Lenses from human eye bank eyes obtained from a Spanish population (n=3, 70–89 years of age, 2 male, 1 female; see Appendix 1) were subjected to continuous curvilinear capsulorhexis to isolate the central lens epithelium while the equatorial lens epithelium was prepared for culture in the capsular bag model of PCO [29]. RNA was prepared from capsulorhexis specimens and capsular bags containing equatorial epithelial cells isolated either immediately after dissection or after 24 h of culture, then RNAseq performed. Principal component analysis (Figure 1) revealed that all three biologic replicates for each cell population cluster together well despite the fact that these samples vary in sex, postmortem time and cause of death, with the greatest variance detected between equatorial epithelial cells analyzed before and after culture. These data have been deposited in the Gene Expression Omnibus under accession number GSE186716. Comparisons between the freshly isolated central and equatorial lens epithelium transcriptomes are found in Appendix 2. Comparisons between the freshly isolated equatorial lens epithelium transcriptome and the equatorial epithelium following 24 h of culture in the capsular bag model of PCO transcriptomes are found in Appendix 3.
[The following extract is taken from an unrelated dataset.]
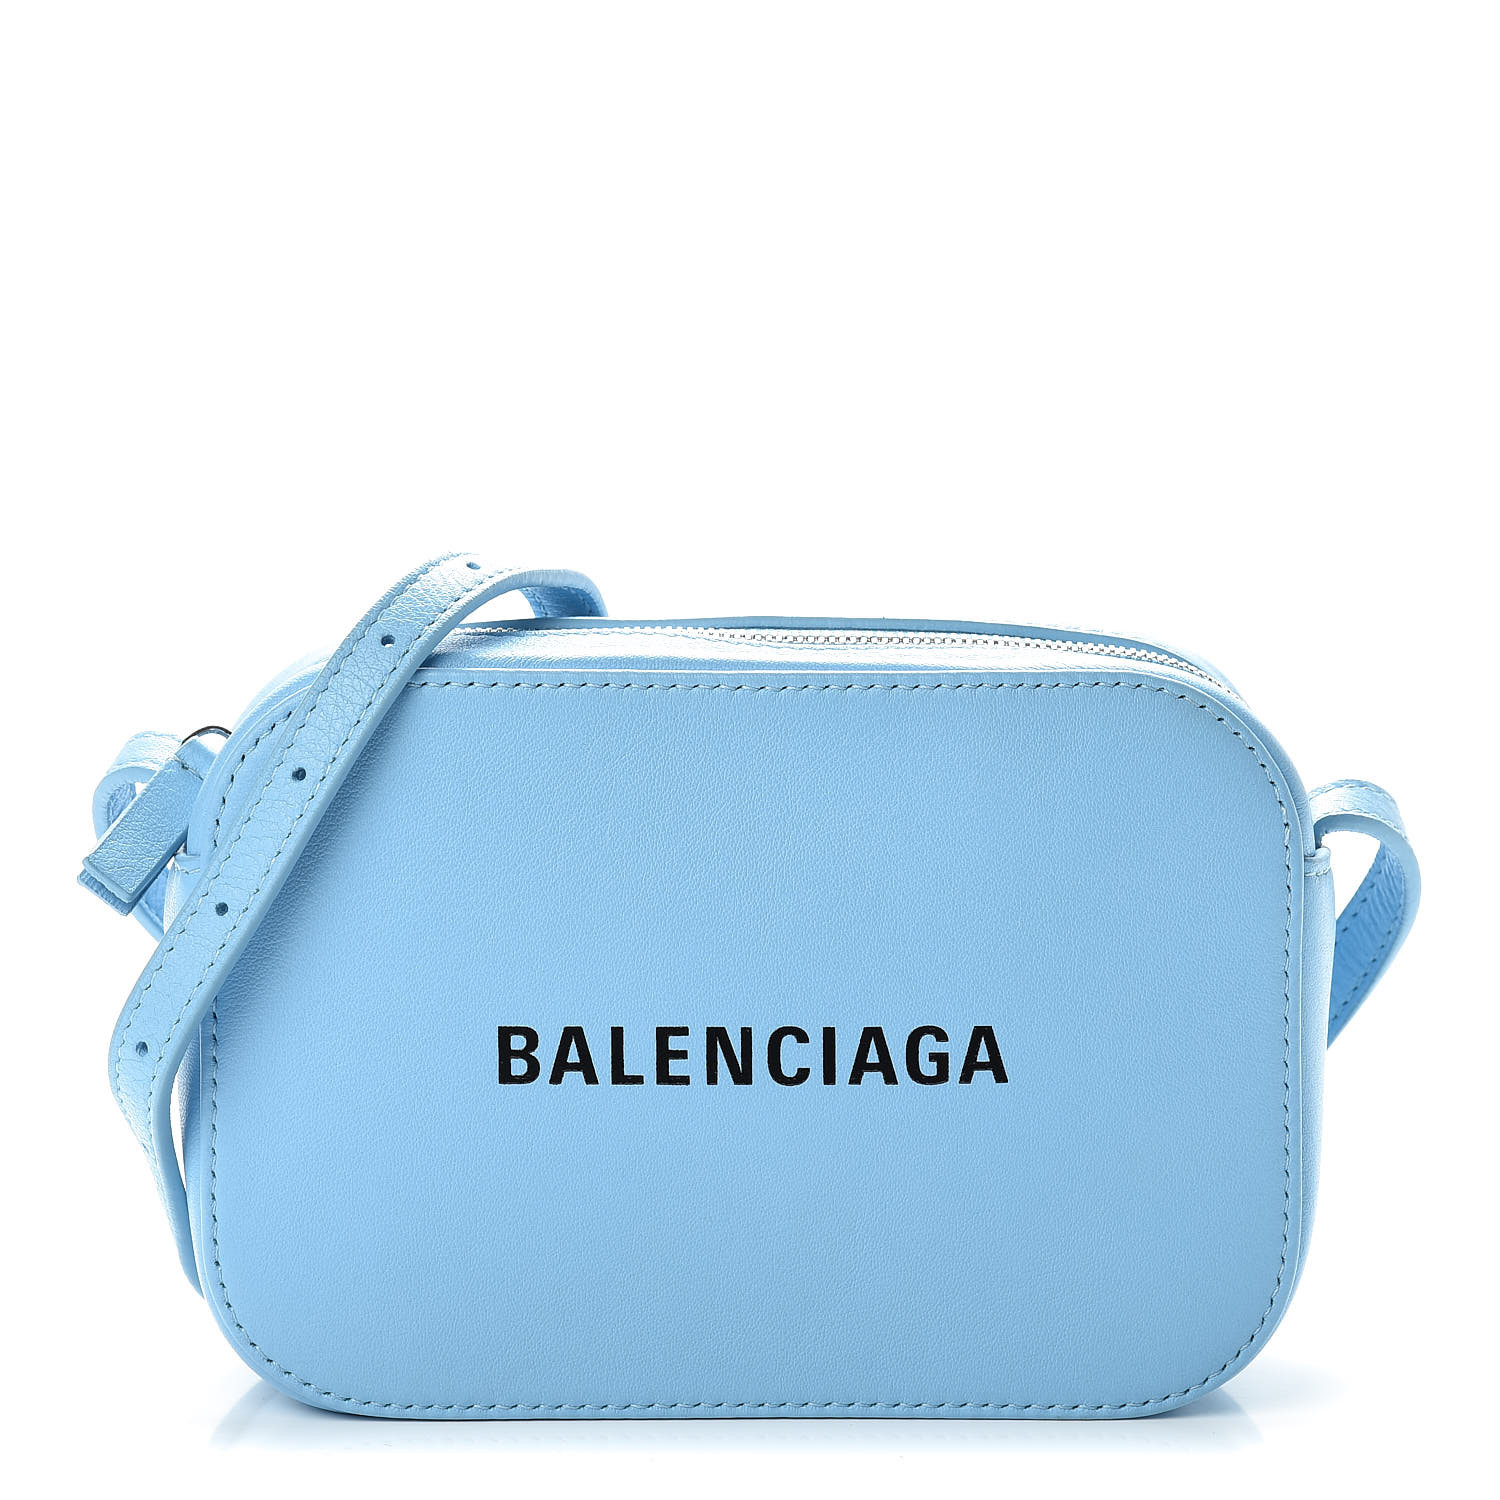 blue balenciaga purse

Consistent with other studies [52,53], regional differences were found in the bulk lens epithelial transcriptomes, with central and equatorial human LECs differentially expressing 720 genes by at least twofold with false discovery rate (FDR) corrected p values of ≤0.05. Further filtering for biologic significance revealed 464 biologically significant DEGs (Appendix 2). Functional predictions via Advaita iPathway analysis revealed that the “calcium signaling pathway” (p value 1.165E-6) was the most impacted pathway, while consistent with known regional differences in the adult lens epithelium, the equatorial epithelium expressed numerous genes regulating epithelial cell proliferation (p value 3.600E-4), cell adhesion (p value 4.400E-8), cell junction assembly (p value 8.700E-8), and cation transport (p value 2.500 E-8) at higher levels than the central lens epithelium (Figure 2). As we also noticed that many DEGs expressed at higher levels in the equatorial epithelium than central epithelium such as Fibrillin 1 (FBN1) which are known components of the ciliary zonule, we compared these DEGs with a list of proteins found in the zonule in a previous study [54] and found that equatorial LECs express genes encoding 12 known zonule components at higher levels than the central LECs, while genes encoding 4 zonule components are expressed at lower levels in the equatorial epithelium (p value of 2.8E-3; Table 1).
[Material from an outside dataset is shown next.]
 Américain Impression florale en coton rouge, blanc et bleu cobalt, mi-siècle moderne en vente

Despite these differences, the central and equatorial epithelium share 76% of their most abundantly expressed (top 10% highest expression as measured by FPKM) genes in common (1465 out of 1921, Appendix 4). Many of these shared, highly expressed genes exhibit enriched expression in the lens as assessed by iSyTE (Appendix 2), and are known to be important for lens biology, including crystallins, genes encoding components of the lens capsule, and developmentally important transcription factors (Table 2).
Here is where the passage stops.